Extracted data entries

---*---

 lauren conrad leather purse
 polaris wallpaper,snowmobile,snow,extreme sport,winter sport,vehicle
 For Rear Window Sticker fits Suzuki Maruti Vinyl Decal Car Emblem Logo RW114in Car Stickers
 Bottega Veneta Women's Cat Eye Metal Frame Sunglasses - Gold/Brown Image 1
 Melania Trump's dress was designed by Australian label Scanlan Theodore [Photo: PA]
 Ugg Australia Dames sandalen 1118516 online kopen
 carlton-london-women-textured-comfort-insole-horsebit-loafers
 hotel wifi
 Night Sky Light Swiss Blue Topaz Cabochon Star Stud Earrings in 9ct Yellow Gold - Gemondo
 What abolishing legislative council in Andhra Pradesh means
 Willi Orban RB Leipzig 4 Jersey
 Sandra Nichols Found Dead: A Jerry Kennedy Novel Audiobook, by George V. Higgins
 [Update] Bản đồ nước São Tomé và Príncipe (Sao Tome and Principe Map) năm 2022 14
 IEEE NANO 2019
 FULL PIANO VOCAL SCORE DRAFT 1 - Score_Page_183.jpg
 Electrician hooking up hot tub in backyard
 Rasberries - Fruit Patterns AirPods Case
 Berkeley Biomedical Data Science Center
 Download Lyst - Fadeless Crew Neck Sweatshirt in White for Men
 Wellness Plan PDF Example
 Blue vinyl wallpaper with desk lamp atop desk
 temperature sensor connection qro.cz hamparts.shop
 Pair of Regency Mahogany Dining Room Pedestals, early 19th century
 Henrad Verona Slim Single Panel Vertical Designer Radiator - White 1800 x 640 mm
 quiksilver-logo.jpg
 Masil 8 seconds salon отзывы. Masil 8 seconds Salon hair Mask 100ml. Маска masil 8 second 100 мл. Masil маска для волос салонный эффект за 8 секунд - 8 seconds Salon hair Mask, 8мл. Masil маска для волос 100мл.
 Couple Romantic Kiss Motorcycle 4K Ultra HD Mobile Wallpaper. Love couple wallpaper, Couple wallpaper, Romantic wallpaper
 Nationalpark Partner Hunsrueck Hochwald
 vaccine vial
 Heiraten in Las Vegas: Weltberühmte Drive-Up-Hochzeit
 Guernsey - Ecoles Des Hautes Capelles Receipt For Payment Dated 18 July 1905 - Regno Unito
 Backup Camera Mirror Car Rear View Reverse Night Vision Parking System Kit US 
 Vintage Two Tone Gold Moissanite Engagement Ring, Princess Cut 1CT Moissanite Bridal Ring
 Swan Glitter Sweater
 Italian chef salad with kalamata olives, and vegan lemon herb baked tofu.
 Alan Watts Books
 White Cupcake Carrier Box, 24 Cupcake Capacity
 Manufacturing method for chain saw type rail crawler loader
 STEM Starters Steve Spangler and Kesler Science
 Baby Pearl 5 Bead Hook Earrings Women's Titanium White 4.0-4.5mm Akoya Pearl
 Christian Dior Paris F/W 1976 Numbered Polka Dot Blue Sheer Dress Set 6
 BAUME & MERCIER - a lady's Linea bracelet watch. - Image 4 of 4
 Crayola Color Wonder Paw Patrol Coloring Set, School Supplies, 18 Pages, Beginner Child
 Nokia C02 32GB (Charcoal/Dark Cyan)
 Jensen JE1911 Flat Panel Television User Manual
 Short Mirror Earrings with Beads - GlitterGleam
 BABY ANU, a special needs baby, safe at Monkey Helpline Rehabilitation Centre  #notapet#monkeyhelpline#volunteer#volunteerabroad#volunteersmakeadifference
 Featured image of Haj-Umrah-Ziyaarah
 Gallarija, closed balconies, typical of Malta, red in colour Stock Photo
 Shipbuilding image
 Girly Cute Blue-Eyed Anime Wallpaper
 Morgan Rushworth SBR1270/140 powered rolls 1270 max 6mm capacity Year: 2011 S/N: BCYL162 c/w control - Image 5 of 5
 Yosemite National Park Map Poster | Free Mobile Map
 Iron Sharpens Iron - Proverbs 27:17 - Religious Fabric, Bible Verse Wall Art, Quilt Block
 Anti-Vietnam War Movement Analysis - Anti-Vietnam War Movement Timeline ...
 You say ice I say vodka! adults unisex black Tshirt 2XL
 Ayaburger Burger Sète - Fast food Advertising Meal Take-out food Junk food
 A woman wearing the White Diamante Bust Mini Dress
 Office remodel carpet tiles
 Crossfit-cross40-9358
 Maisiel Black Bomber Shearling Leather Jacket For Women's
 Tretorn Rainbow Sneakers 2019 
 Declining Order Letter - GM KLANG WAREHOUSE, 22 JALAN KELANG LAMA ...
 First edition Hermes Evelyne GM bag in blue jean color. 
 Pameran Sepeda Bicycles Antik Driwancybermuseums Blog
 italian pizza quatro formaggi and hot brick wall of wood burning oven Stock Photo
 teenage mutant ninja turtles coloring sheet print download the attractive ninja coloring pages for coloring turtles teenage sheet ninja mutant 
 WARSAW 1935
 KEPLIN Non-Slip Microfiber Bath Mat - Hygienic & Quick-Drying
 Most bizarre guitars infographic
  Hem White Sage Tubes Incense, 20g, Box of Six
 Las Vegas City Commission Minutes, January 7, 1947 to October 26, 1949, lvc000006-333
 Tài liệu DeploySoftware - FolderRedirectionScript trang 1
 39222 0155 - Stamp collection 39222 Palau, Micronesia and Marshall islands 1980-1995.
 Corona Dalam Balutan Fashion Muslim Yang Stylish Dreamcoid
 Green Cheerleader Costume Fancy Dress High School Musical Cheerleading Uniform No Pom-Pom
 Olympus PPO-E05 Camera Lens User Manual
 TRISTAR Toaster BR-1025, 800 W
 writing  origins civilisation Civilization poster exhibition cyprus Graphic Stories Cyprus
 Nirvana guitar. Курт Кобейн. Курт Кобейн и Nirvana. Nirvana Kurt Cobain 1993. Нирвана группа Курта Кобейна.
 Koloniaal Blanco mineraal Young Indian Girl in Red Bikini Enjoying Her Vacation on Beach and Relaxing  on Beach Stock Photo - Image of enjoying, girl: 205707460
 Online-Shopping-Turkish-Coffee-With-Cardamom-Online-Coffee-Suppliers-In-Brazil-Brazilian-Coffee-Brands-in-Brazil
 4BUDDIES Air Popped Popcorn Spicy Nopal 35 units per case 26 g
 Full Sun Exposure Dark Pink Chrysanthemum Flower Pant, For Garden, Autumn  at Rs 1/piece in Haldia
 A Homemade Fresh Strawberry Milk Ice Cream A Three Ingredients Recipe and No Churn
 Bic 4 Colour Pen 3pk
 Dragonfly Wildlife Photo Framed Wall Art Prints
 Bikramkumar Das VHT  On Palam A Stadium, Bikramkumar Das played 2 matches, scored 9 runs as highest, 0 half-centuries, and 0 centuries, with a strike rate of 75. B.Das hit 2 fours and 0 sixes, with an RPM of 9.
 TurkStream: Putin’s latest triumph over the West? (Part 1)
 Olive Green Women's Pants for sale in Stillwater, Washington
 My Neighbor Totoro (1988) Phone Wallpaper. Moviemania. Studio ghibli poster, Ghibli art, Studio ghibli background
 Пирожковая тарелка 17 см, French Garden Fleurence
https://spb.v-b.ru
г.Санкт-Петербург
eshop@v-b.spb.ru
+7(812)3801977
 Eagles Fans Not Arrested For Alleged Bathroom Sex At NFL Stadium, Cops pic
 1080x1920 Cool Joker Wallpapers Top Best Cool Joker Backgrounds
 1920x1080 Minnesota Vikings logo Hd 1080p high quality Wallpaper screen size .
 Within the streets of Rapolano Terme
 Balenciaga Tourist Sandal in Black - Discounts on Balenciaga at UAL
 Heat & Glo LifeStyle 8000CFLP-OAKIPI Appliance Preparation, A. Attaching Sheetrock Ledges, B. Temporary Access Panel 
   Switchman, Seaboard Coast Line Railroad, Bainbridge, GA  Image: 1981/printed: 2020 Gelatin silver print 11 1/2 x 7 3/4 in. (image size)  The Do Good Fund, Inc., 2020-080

---*---

▸ YOUR INSTRUCTIONS: In the data above, which lines have "Stadium"? Report each of them.

▸ FINAL ANSWER:
 Bikramkumar Das VHT  On Palam A Stadium, Bikramkumar Das played 2 matches, scored 9 runs as highest, 0 half-centuries, and 0 centuries, with a strike rate of 75. B.Das hit 2 fours and 0 sixes, with an RPM of 9.
 Eagles Fans Not Arrested For Alleged Bathroom Sex At NFL Stadium, Cops pic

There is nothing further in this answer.